This news story in the Guardian grabbed my attention. The Nationwide Building Society mistakenly processed 704,426 payments a second time.
The Independent carried a less detailed report on the story, but it contained a quote that irked me (my emphases).
The society instead blamed an “inputting” error by an operative at its Swindon HQ. The phantom transactions were removed from customers accounts overnight, the bank said.
Jenny Groves, divisional director for customer experience said: “Nationwide wishes to apologise to those customers affected by an issue which has affected some of our debit card customers.”
She said those put into the red would have all charges “refunded in full and any costs associated with this error will be reimbursed in full. None of our customers will suffer financial loss as a result of this one-off error“.
Wow! This is 2012, and a big bank is making excuses that didn’t wash 30 years ago. I’ve worked extensively with big, batch financial systems. Here are some basic, utterly fundamental precepts that were well known by developers before I even knew what a computer was.
People screw up. Sometimes they do it in ways you expect, often in ways that surprise you. The only certainty is that they screw up.
You process every payment accurately, no exceptions.
You never, ever, process payments twice. It is a big deal. It’s not just about keeping your job, or staying out of jail. It’s about self respect. It’s about going to sleep at night knowing you’re a competent professional, not an irresponsible cowboy who gets it right only some of the time.
The user requirements will not state every requirement that is absolute and non-negotiable. Some requirements are so fundamental and essential that the users will assume that “they go without saying”. If such requirements do not appear in specifications then you will look stupid if you subsequently pretend that they didn’t matter, or that you believe the users did not really require them. Processing payments accurately, once, and once only falls into this category.
It is the system designers’ responsibility to build these unstated, fundamental requirements into the application, even if the business analysts missed them.
It is the testers’ responsibility to test the application against these unstated, fundamental requirements.
All this means that financial applications need carefully designed controls to ensure that the right things always happen and the wrong things never do. It means that the application needs built in checks to detect these “one off human errors”. The techniques are ancient, at least in computing, and maybe that’s part of the problem. They’re boring, pedantic old-school stuff.

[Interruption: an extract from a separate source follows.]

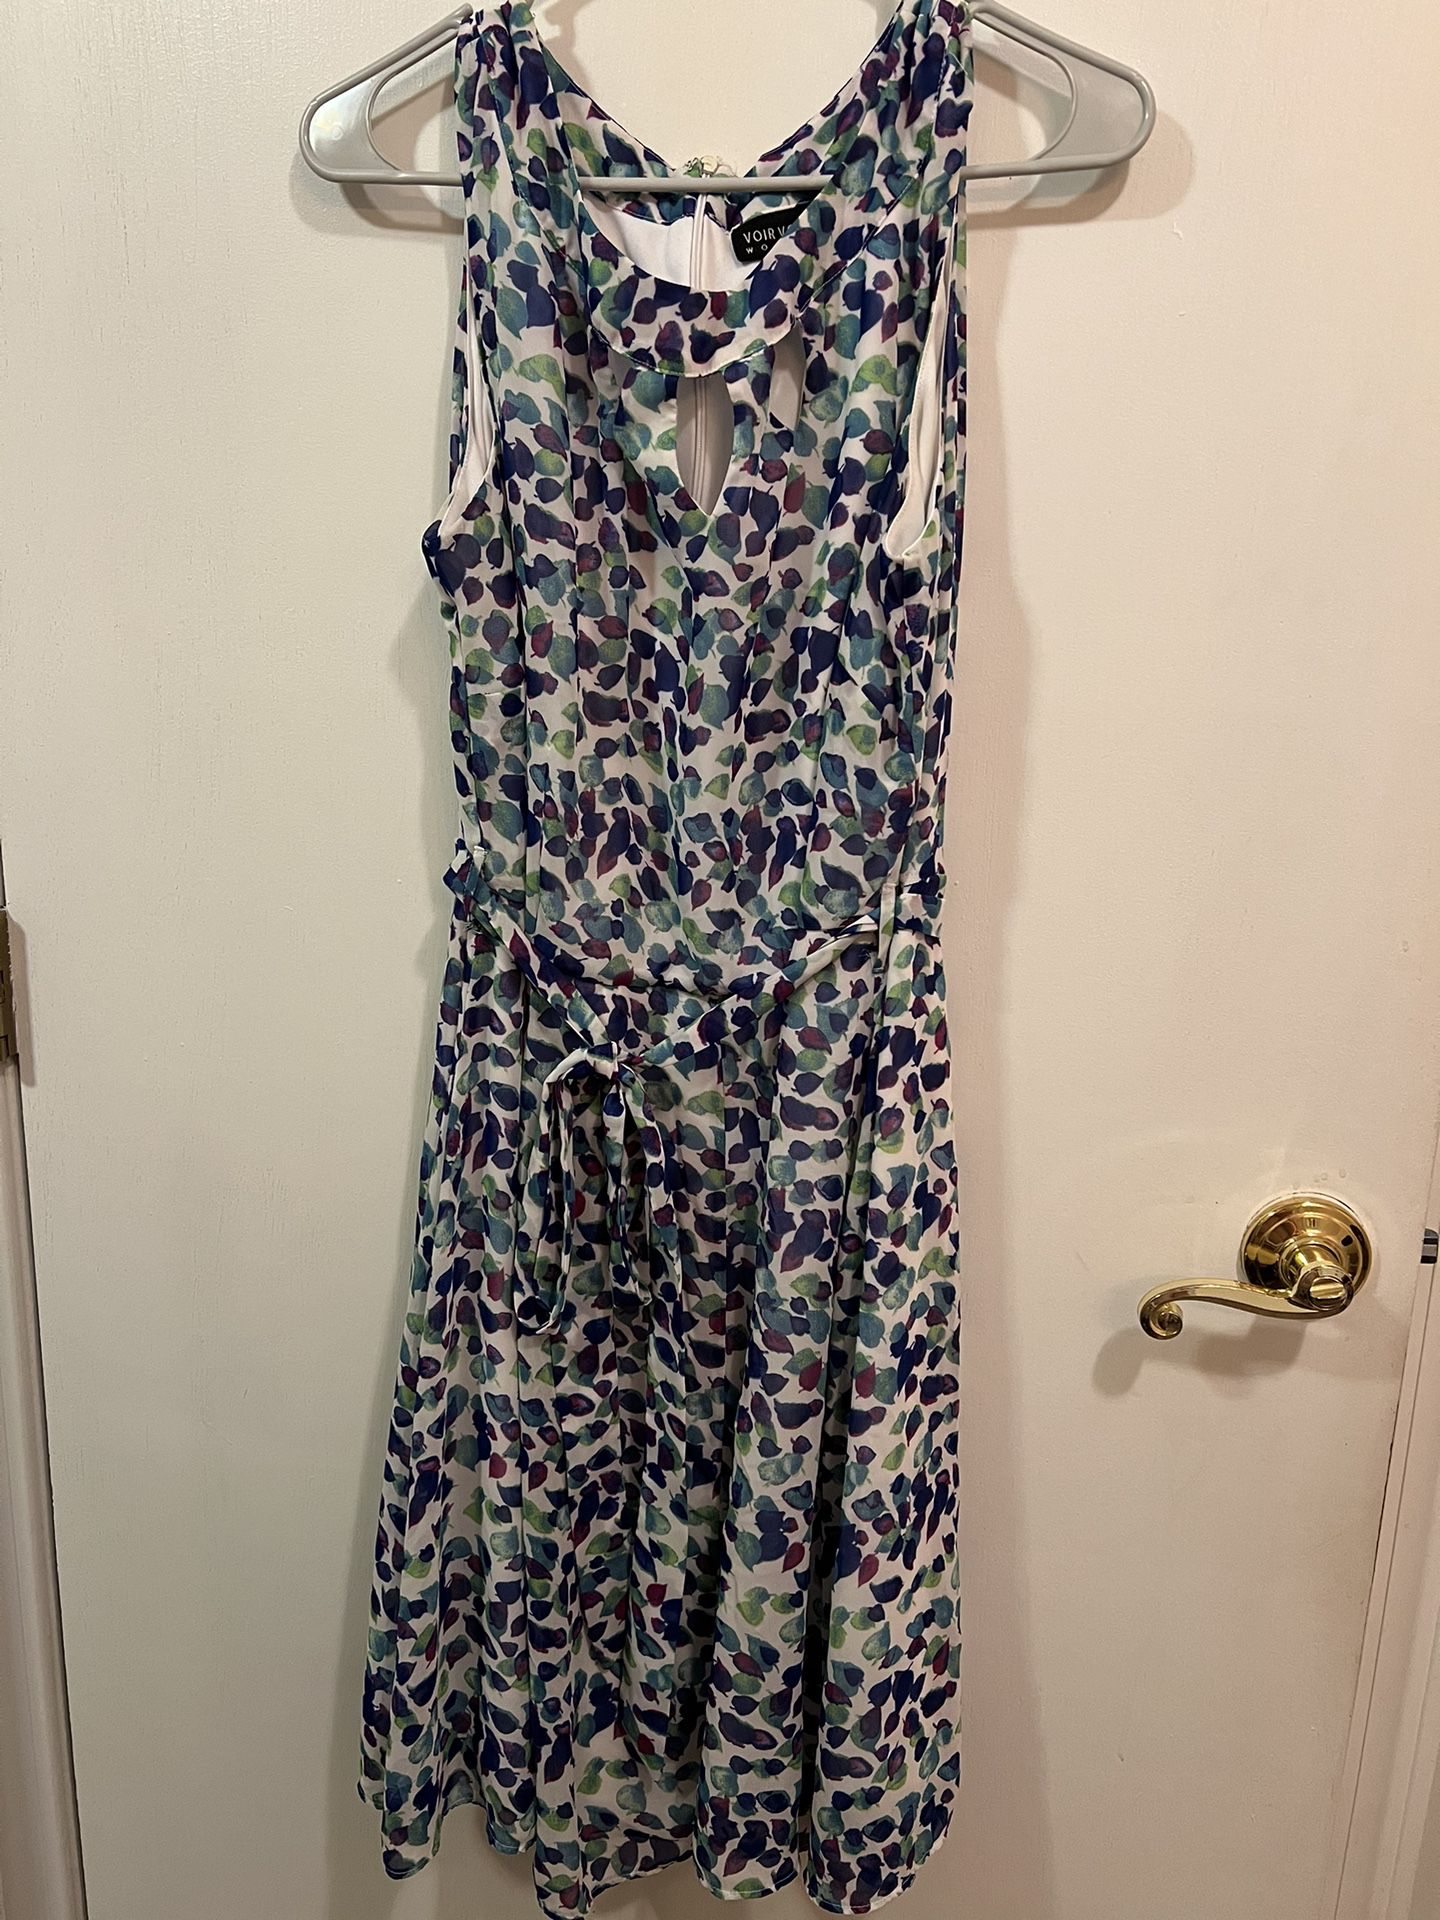 Dress Size 14W

The main techniques are control files to keep track of files as they are being processed, hash counts and record counts to show that all records have been processed, and file version numbers so that the application can check that the right files are being processed and being processed only once.
These techniques are boring and fiddly, but they work. Unfortunately they frequently trip up test runs. Control files and version numbers have to be reset after a run is halted. It’s easy to lose track and have to explain that the failure was a embarrassing test setup problem, rather than a genuine defect.
It’s much simpler to forget about these controls, or to switch them off for testing, or even switch them off in live running (it happens) when they complicate restarts after problems.
I said earlier that testers have a responsibility to test unstated, fundamental requirements. Actually, that was a slightly tricky one. Of course it is perfectly true, but sadly some project managers, and even whole organisations, prefer to put pressure on testers to script tests only against written requirements.
If you are testing a financial payment application and you’re not testing to see if every payment is processed accurately, once, and only once then you’re not really testing. Such ”testing” is an embarrassment to the testing profession.
Organisations that skimp on effective testing, that don’t understand the value of thoughtful, risk-based controls, that blame “human error” when there is a management or systemic failure are placing their customers and reputation at risk. They are inviting humiliating press coverage and they deserve it.
I had to get that off my chest. People screw up. Human error is inevitable. Testers have to show how it can happen. It’s so much less embarrassing to read it in a test report than a national newspaper. That’s all.